Tempe’s leaders have decided that to get more projects built downtown and at Tempe Town Lake, they need say “No” to developers more often.
It’s hard to imagine a more radical departure from how the city operated during the heady days of the real estate boom in 2007.
At the time, leaders approved developments fast and furious – saying yes to four projects containing more than 3 million square feet of new buildings on one unusually busy day.
City officials acknowledge they approved some condo, office and hotel projects that they knew would never be built. They figured at least some things would materialize.
But perhaps just 25 percent of what Tempe said yes to during the boom came to fruition, said Chris Anaradian, Tempe’s community development director.
The city inadvertently sent the message to developers that Tempe didn’t have a clear vision by approving so many things, he said. And the staff was so overwhelmed reviewing proposals that they couldn’t advise the City Council which developments were or were not likely. Anaradian recently told the City Council that developers don’t want the city to be so accommodating to so many proposals.
“If I go out there now and do this same thing, it hurts our credibility a little bit,” Anaradian said.
Mayor Hugh Hallman said it’s more than credibility at stake. It becomes impossible to do deals, he said, when the city isn’t more selective in what it wants and doesn’t clearly lay out its vision.
He noted more than a dozen hotel developers were scouting locations downtown a few years ago though the market would likely support perhaps two to four of them.
“When you have 15 people running around claiming they’re doing a hotel deal, you can’t tell which ones are real and which ones are phony,” Hallman said. “It drives the real players out of the market, because now the financing markets can’t tell the difference either. And everybody knows 15 hotels don’t make any sense, so it scares a lot of money out of the market.”
To avoid the same pitfalls, Tempe will review its downtown and lake-area plans to determine the likely demand for hotels, offices, residential, retail and recreational uses. The city will also review 25 years’ worth of numerous consultant recommendations, public meetings and conceptual plans for what Tempe wants.
Developers want a more specific definition of the city’s vision, Anaradian said, adding it’s difficult to sum that up now given how far back the studies go and how much the market has changed in the last few years. An updated plan will help the city decide which developers and plans are realistic and worth pursuing, he said.

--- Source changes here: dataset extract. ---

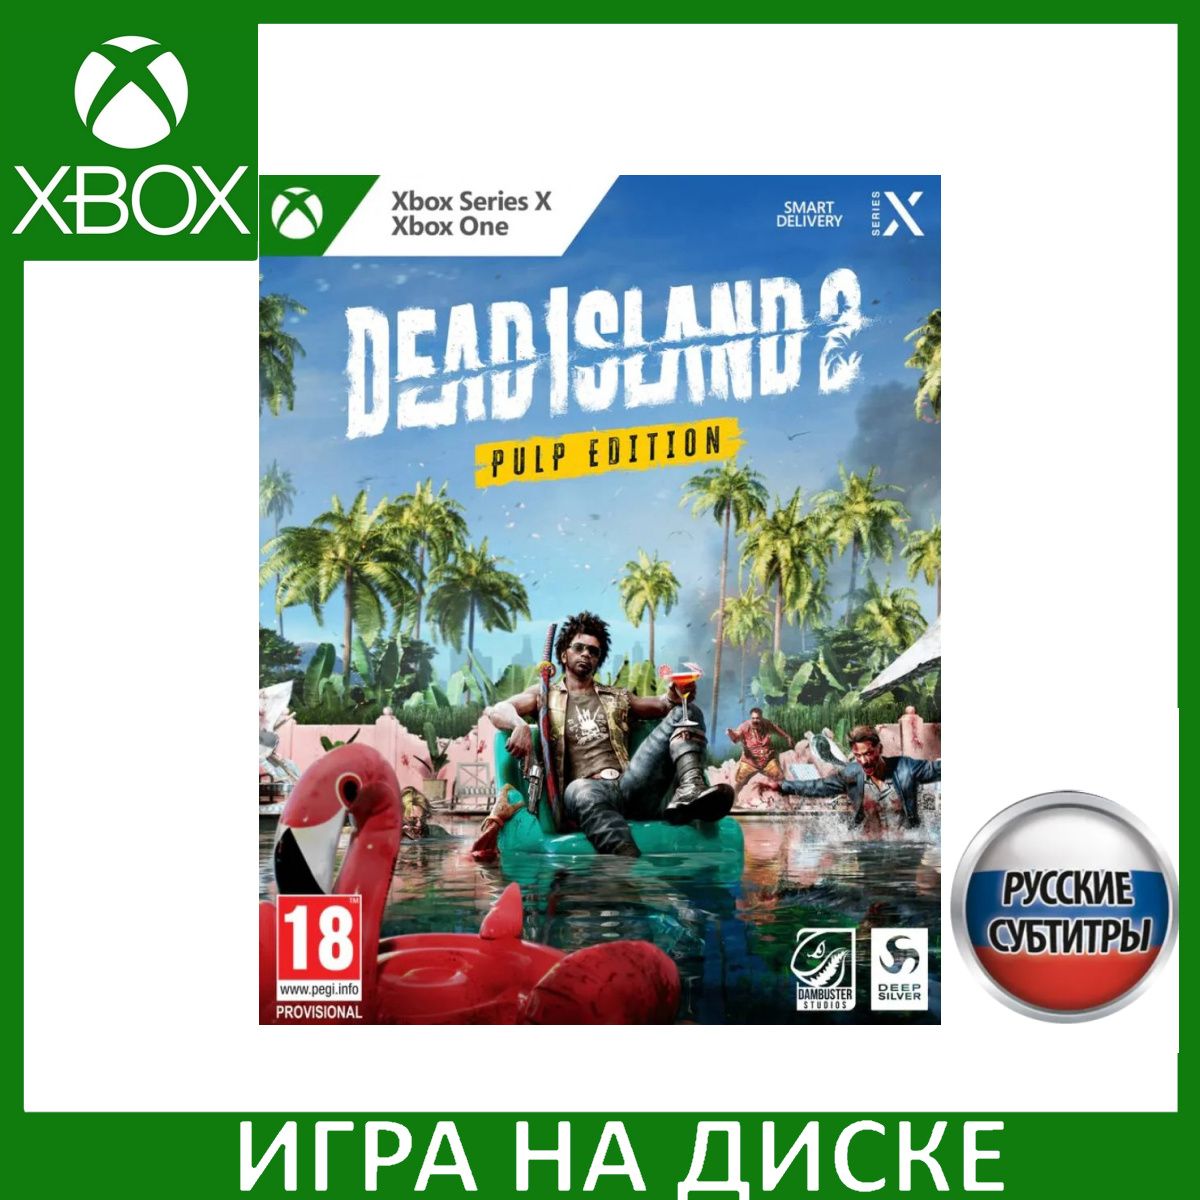 Русские Island 2 интернет-магазине (1331079050) купить Series, доставкой субтитры) Edition (Xbox низкой Xbox по OZON Pulp Dead в с One, цене Игра

“It doesn’t mean we can’t dream or have visions or go after big things, but there has to be some sense of what’s reasonable,” Anaradian said.
Hallman said he’d like the city to put that together in about six months. Councilwoman Onnie Shekerjian said she suspects the City Council is mostly in agreement as what should happen.
“I actually think we have a shared concept,” she said. “It just hasn’t been articulated in a document.”
The Downtown Tempe Community welcomes the study because the results can guide business recruitment, DTC President Nancy Hormann said.
“This whole thing is very exciting to me,” he said.